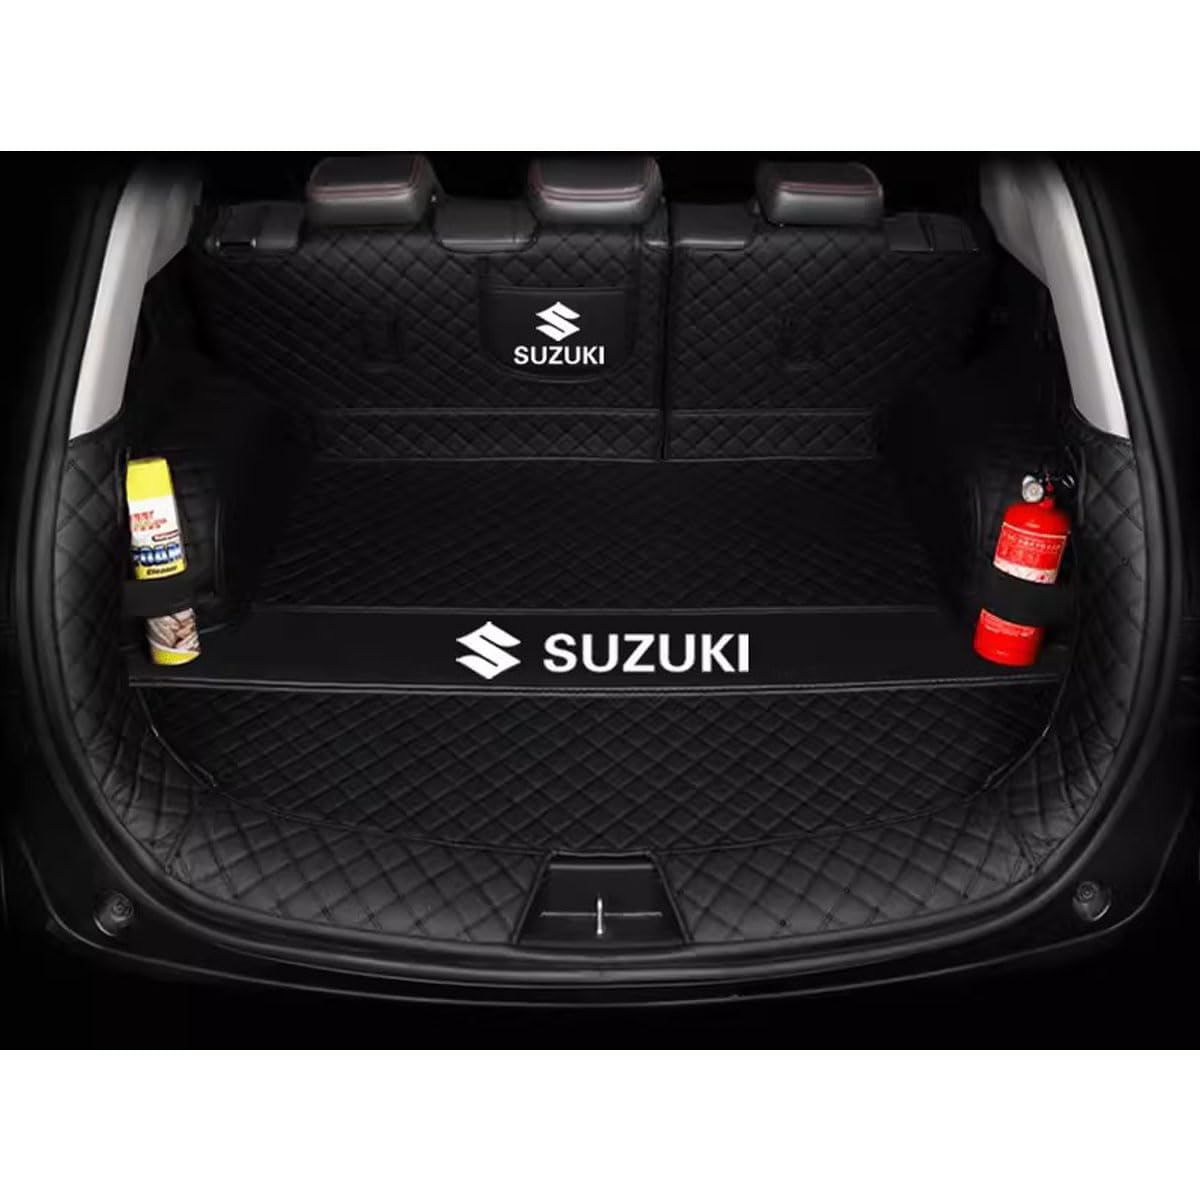 VVHUDA Auto Kofferraummatte für Suzuki SX4 S-Cross 2013-2023, Wasserdicht Kofferraumwanne Antirutsch Kofferraum Schutzmatte Interieur ZubehöR,Black Style von VVHUDA
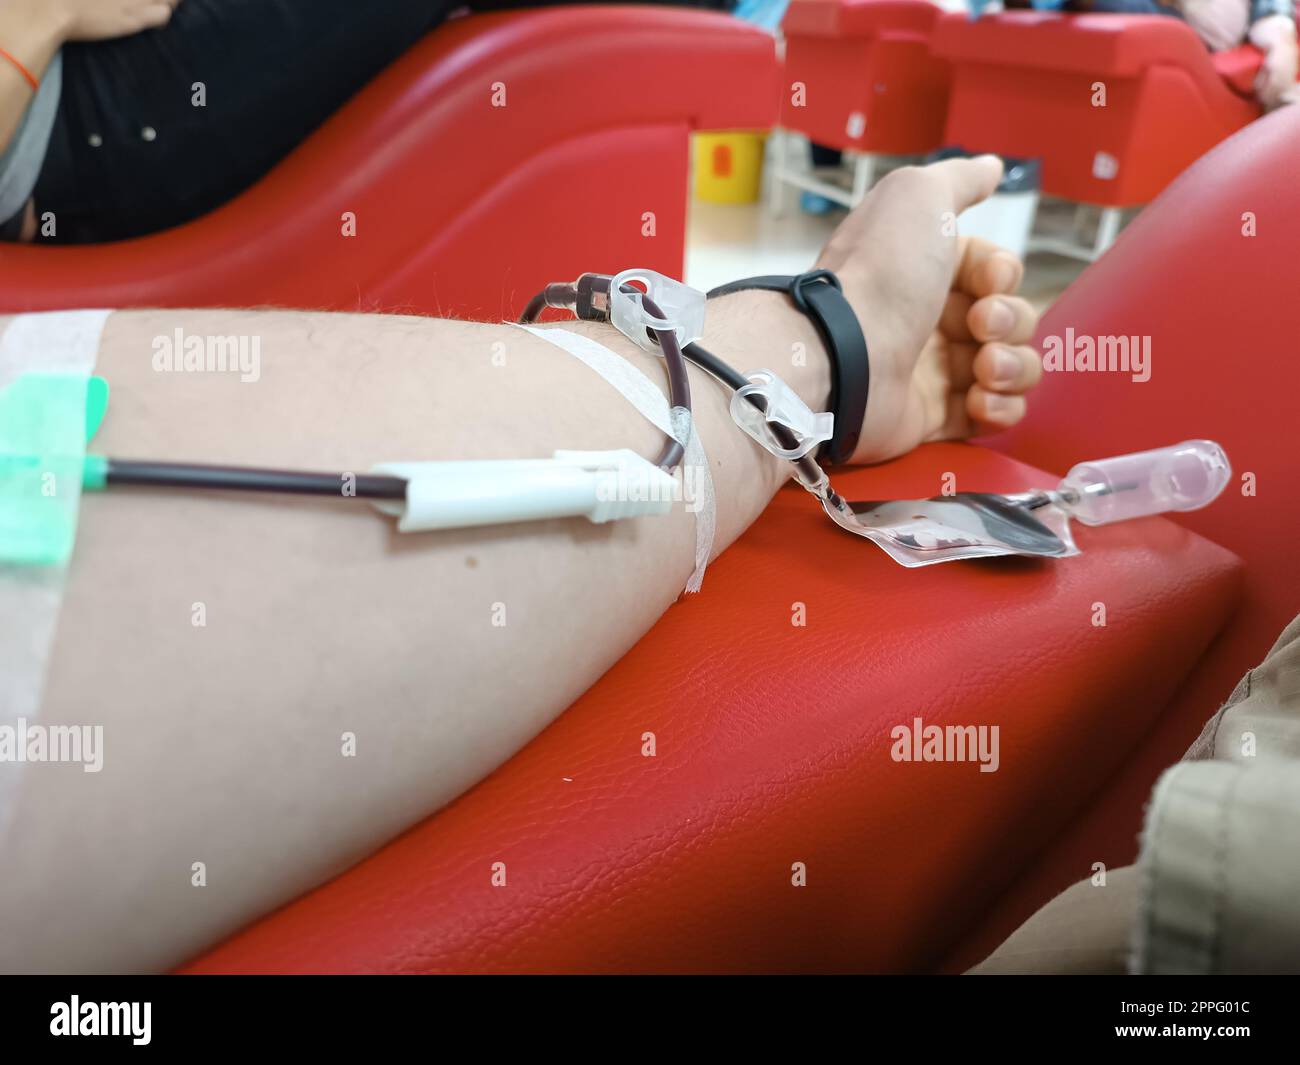 Blutspende, Bluttransfusion, Check spezifiziert, Fasten, medizinische Versorgung. Linker Arm eines jungen Kaukasier-Mannes mit Blut- oder Plasmaspendelausrüstung im Spenderzentrum. Blutspendekonzept. Plasmaspendekonzept. Konzept „Leben retten“. Stockfoto
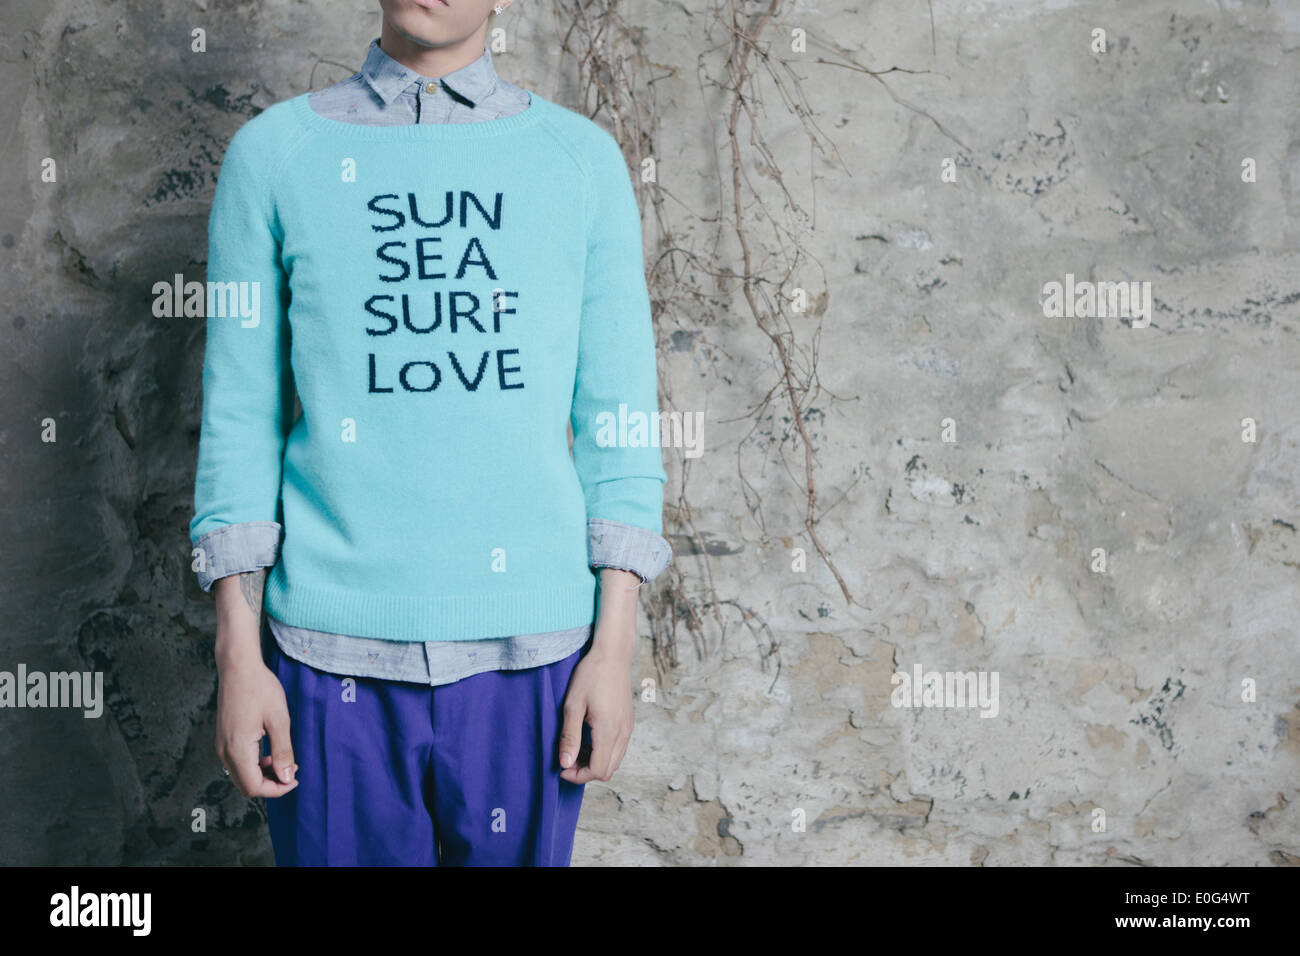 Junger Mann in einem städtischen Umfeld, träumt von Strand und wollen dorthin zu gehen, 'Sonne, Meer, Brandung, Liebe' auf dem Pullover gedruckt. Stockfoto
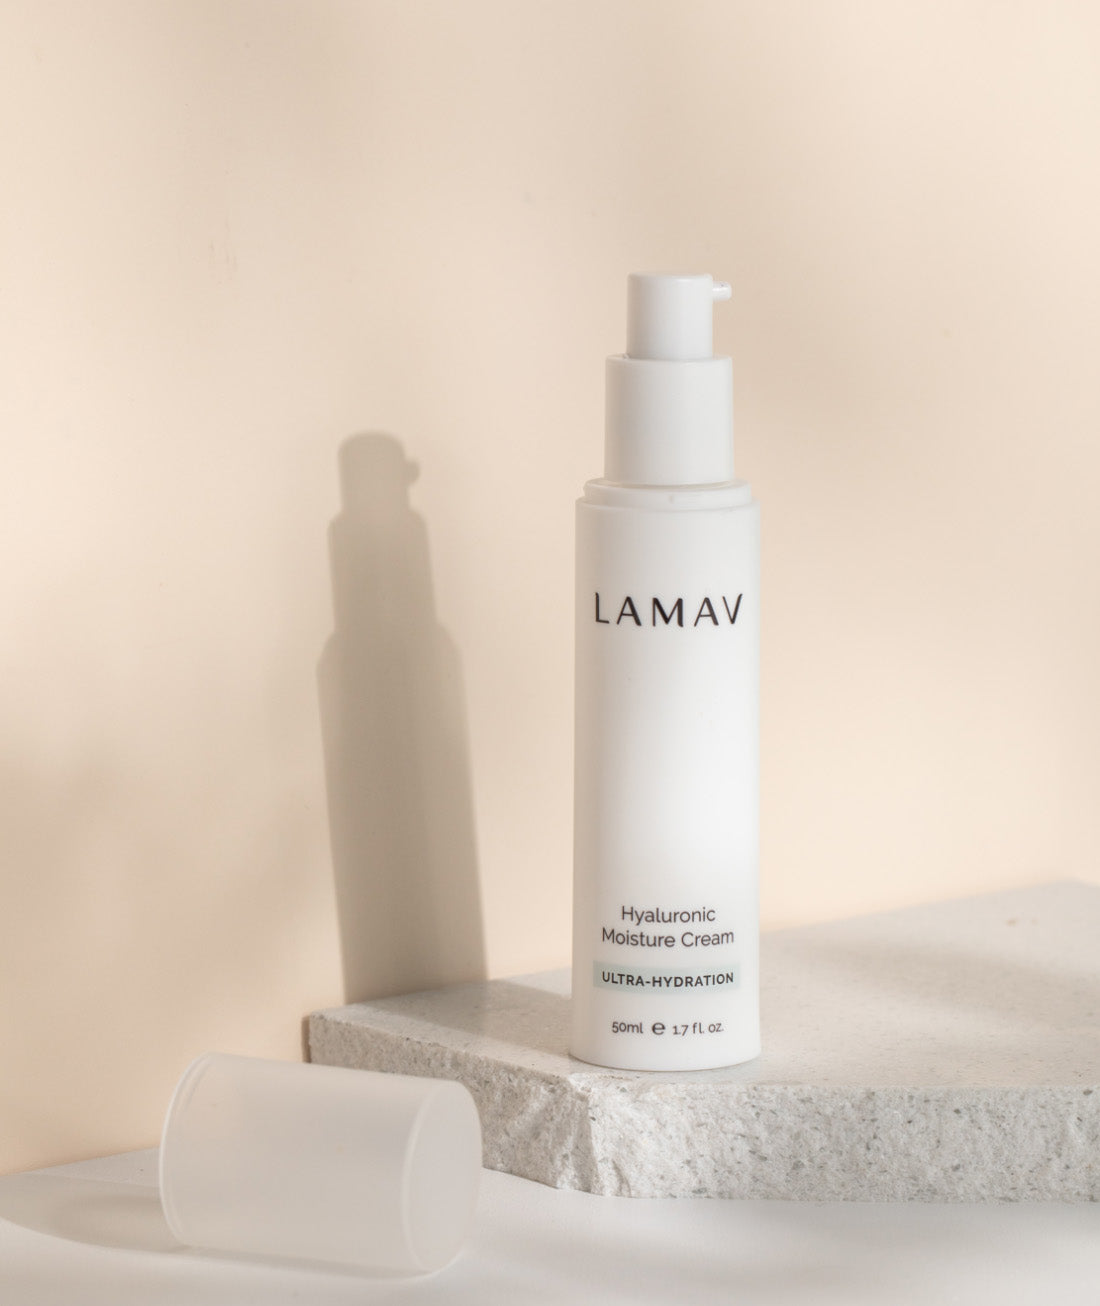 Lamav Hyaluronic Moisture Cream
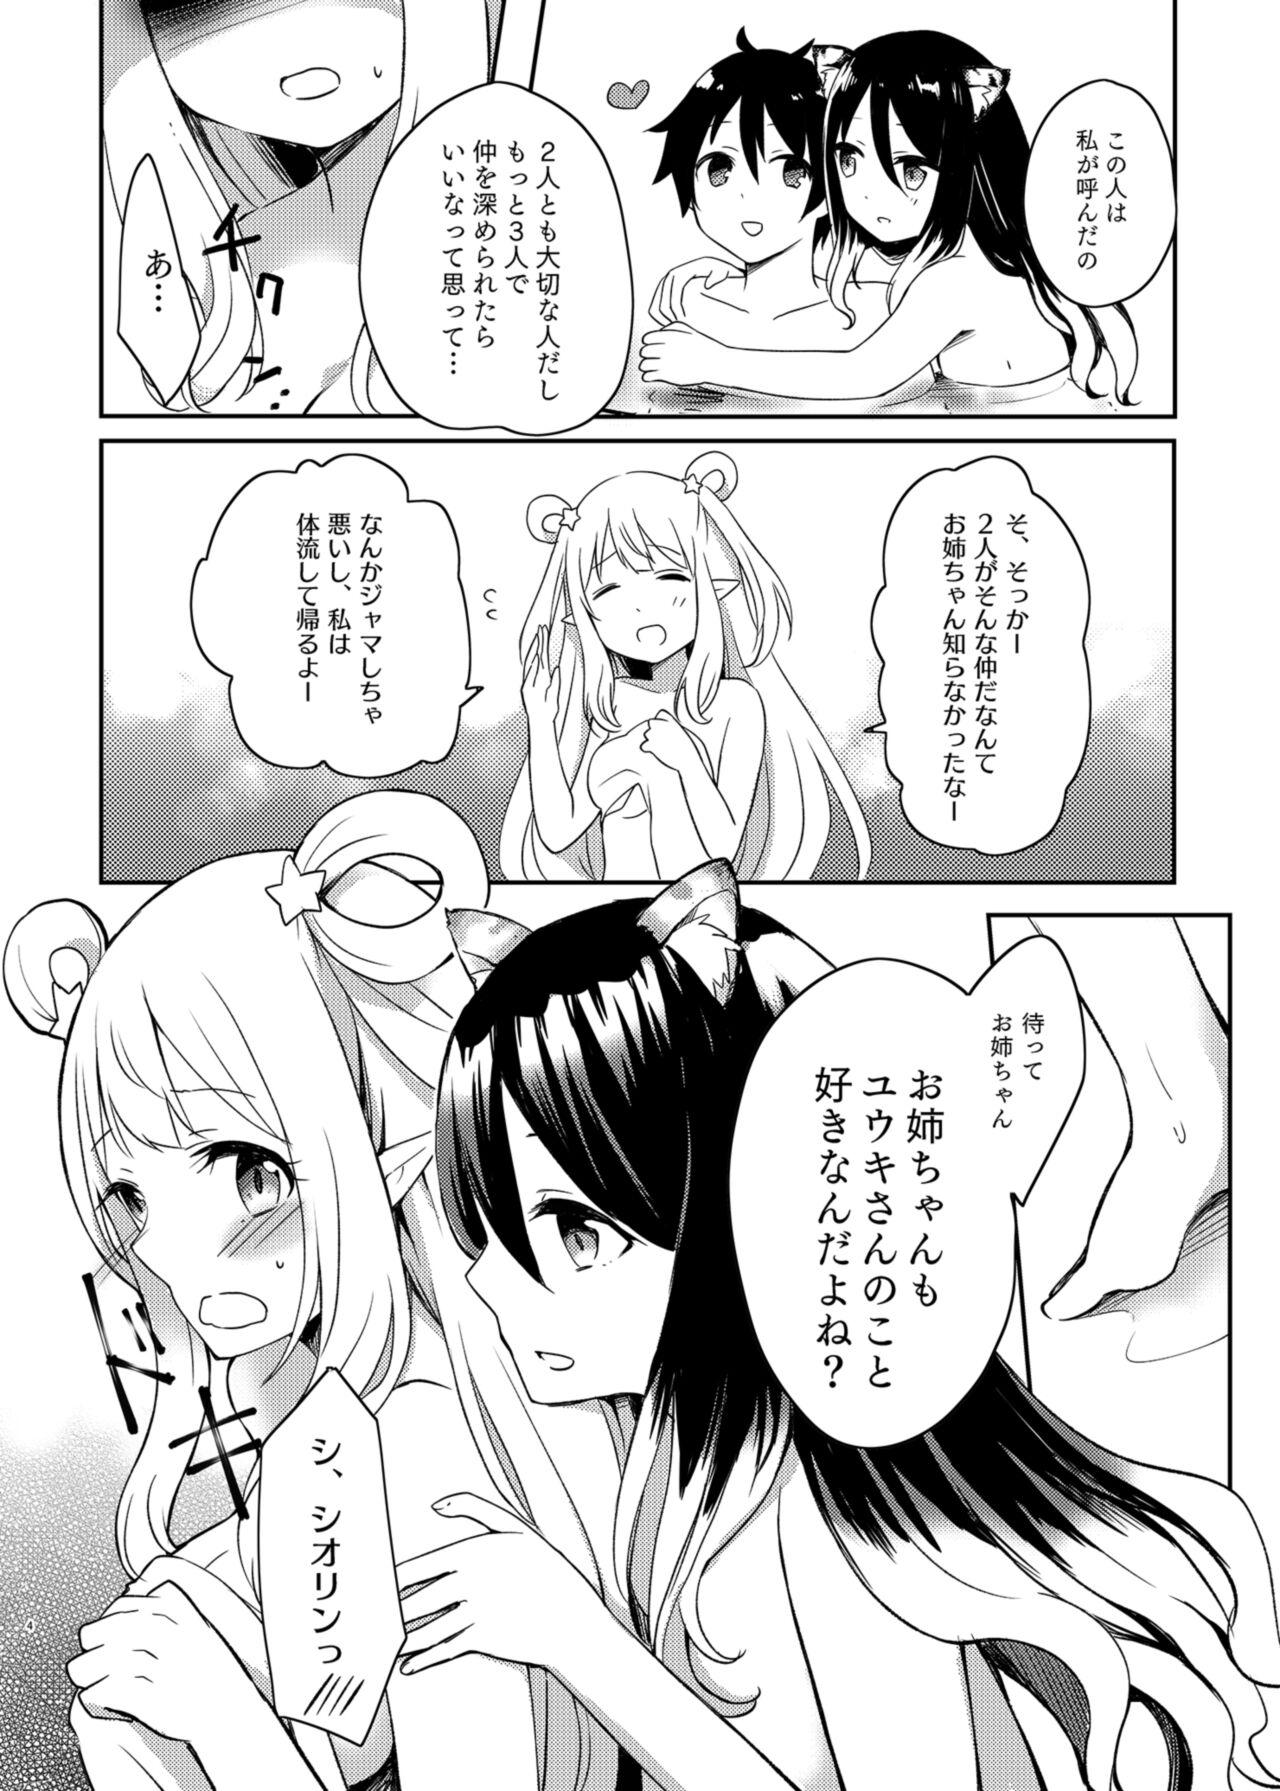 Babes Hatsune to Shiori no Yukemuri Daisakusen - Princess connect Gaydudes - Page 4
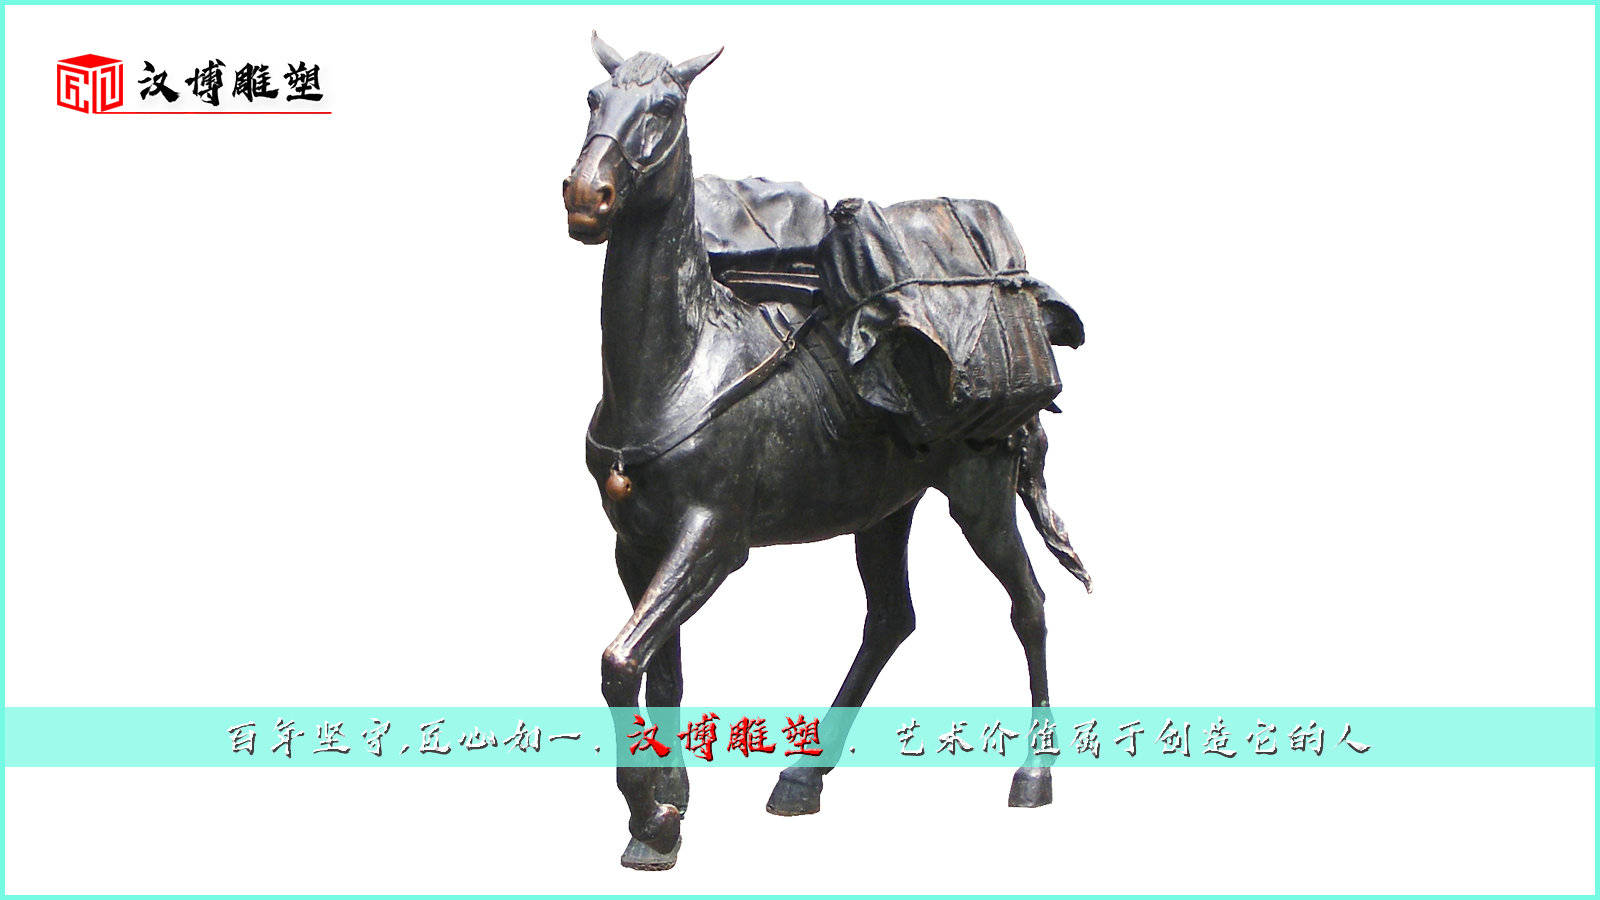 茶马古道文化主题雕塑，延续了马帮几千年的辉煌和沧桑

▬▬▬

WORK TASK: Restate each record from above word for word, excluding any picture it holds.

SOLVED EXERCISE:
 VVHUDA Auto Kofferraummatte für Suzuki SX4 S-Cross 2013-2023, Wasserdicht Kofferraumwanne Antirutsch Kofferraum Schutzmatte Interieur ZubehöR,Black Style von VVHUDA
 Blutspende, Bluttransfusion, Check spezifiziert, Fasten, medizinische Versorgung. Linker Arm eines jungen Kaukasier-Mannes mit Blut- oder Plasmaspendelausrüstung im Spenderzentrum. Blutspendekonzept. Plasmaspendekonzept. Konzept „Leben retten“. Stockfoto
 Junger Mann in einem städtischen Umfeld, träumt von Strand und wollen dorthin zu gehen, 'Sonne, Meer, Brandung, Liebe' auf dem Pullover gedruckt. Stockfoto
 Lamav Hyaluronic Moisture Cream
 Babes Hatsune to Shiori no Yukemuri Daisakusen - Princess connect Gaydudes - Page 4
 茶马古道文化主题雕塑，延续了马帮几千年的辉煌和沧桑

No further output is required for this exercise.